Le Gouvernement règle le différend fiscal
Le Gobierno (Gouvernement) a officiellement résolu le débat concernant les obligations fiscales des salariés percevant le salaire minimum. Le différend impliquait un conflit potentiel entre le Ministère du Travail, dirigé par des membres du parti Sumar, et le Ministère des Finances, associé au PSOE. La question centrale était de savoir si les bénéficiaires du SMI devaient être soumis à l'impôt sur le revenu des personnes physiques (IRPF).
Le Secrétaire d'État au Travail Joaquín Pérez Rey est intervenu pour finaliser la question. Il a déclaré que le gouvernement s'était pleinement engagé auprès des partenaires sociaux à ce que ceux qui perçoivent le salaire minimum ne paient pas d'impôts. Cette déclaration a mis fin à la tension persistante entre les deux ministères.
Victoire pour le Ministère du Travail
La résolution marque une victoire significative pour le Ministerio de Trabajo (Ministère du Travail) et sa direction. La position défendue par Yolanda Díaz, la Vice-Présidente seconde et Ministre du Travail, a prévalu sur les vues alternatives concernant la collecte des impôts auprès des plus bas revenus.
Le conflit couvait entre les deux départements gouvernementaux. Cependant, l'engagement explicite de maintenir l'exonération fiscale garantit que le SMI reste un bénéfice net pour les travailleurs, sans déduction pour l'impôt sur le revenu.

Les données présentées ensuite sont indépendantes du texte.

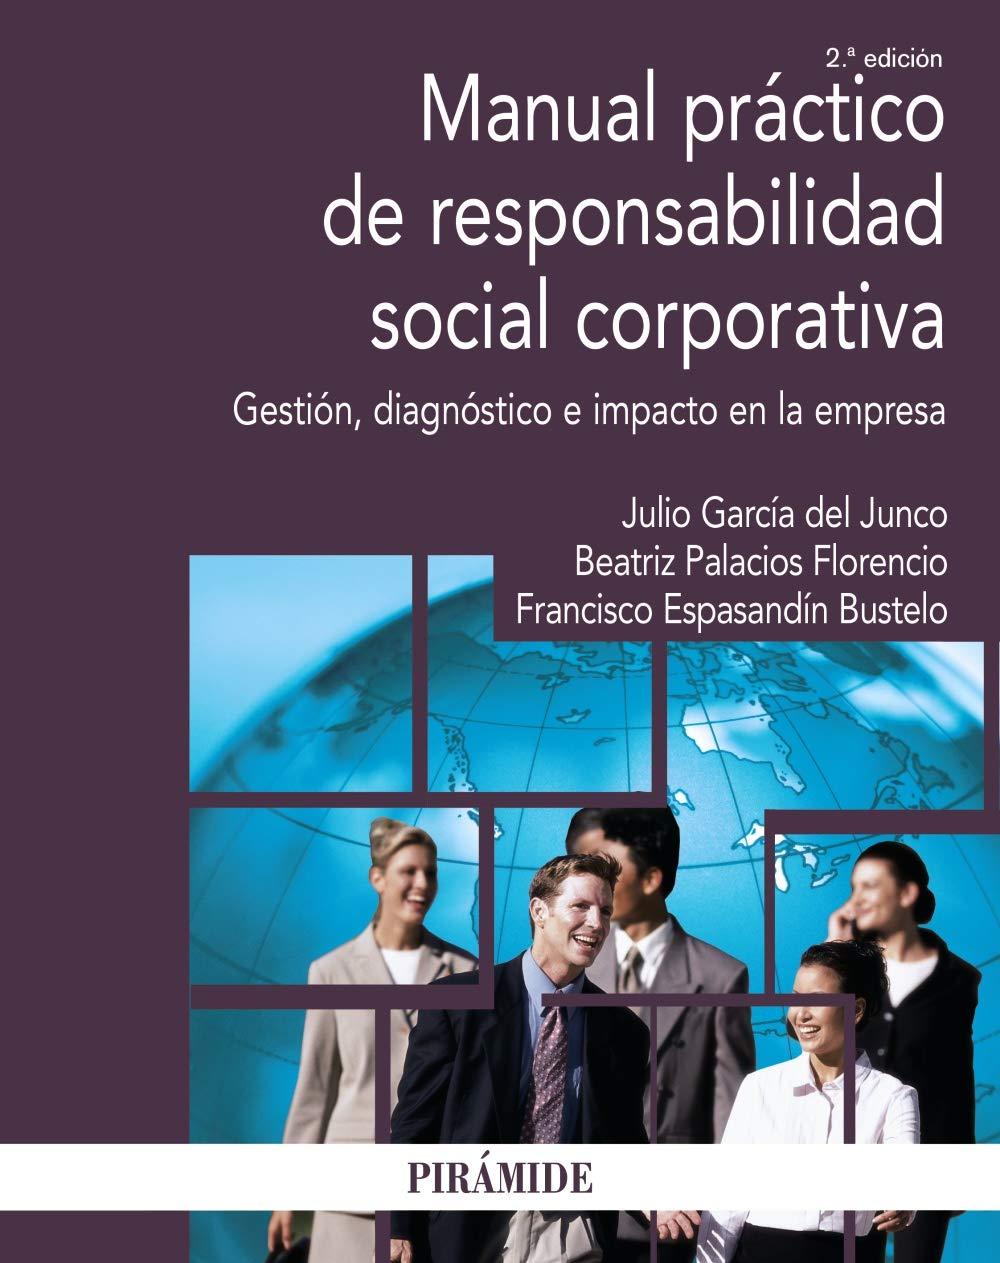 Manual pr?ctico de responsabilidad social corporativa: 9788436839975: Books  - Amazon.ca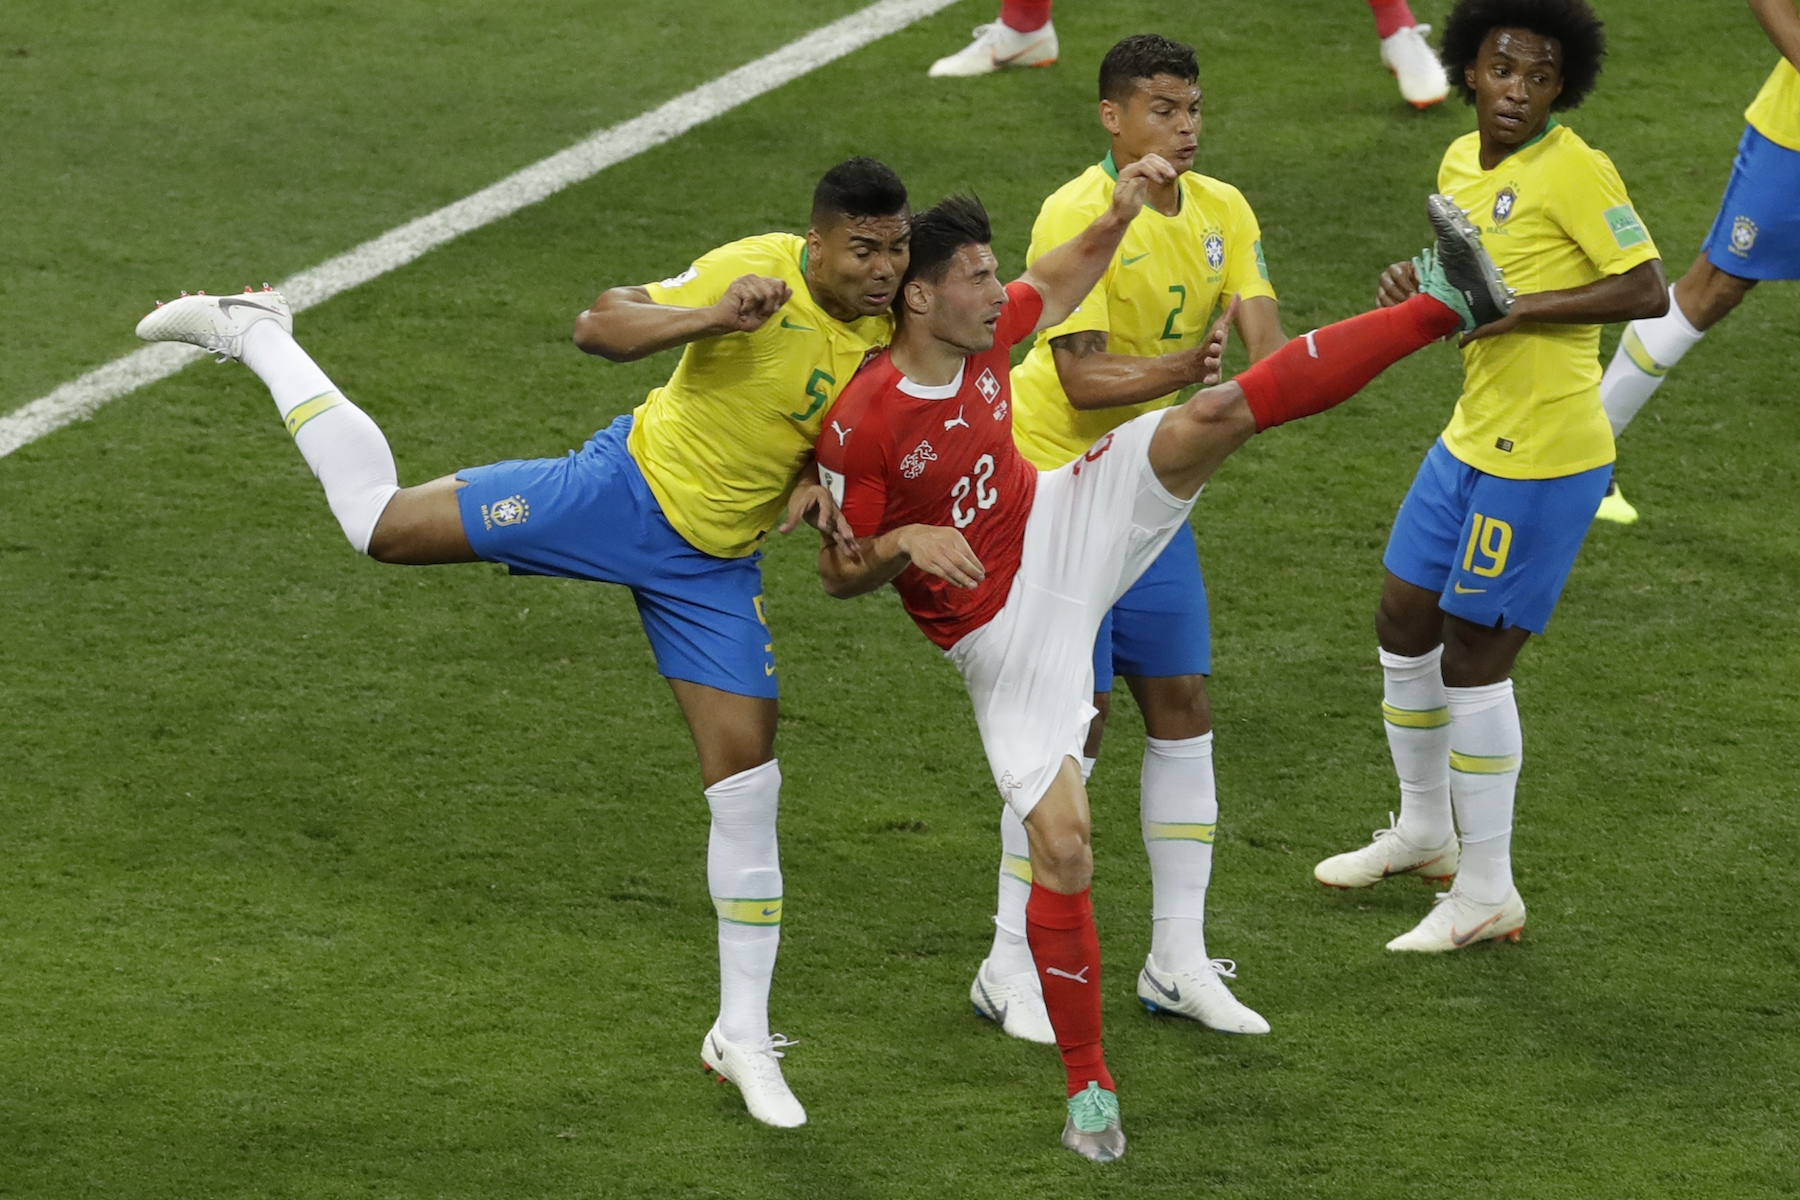 <div class='meta'><div class='origin-logo' data-origin='AP'></div><span class='caption-text' data-credit='AP Photo/Andrew Medichini'>Brazil's Casemiro, left, and Switzerland's Fabian Schaer collide during the group E match between Brazil and Switzerland at the 2018 soccer World Cup.</span></div>

Engagement envers les interlocuteurs sociaux
La décision du gouvernement est présentée comme une promesse tenue aux interlocuteurs sociaux. En confirmant l'exonération fiscale, l'administration vise à maintenir la stabilité des relations de travail et à éviter les désaccords publics entre les partenaires de la coalition.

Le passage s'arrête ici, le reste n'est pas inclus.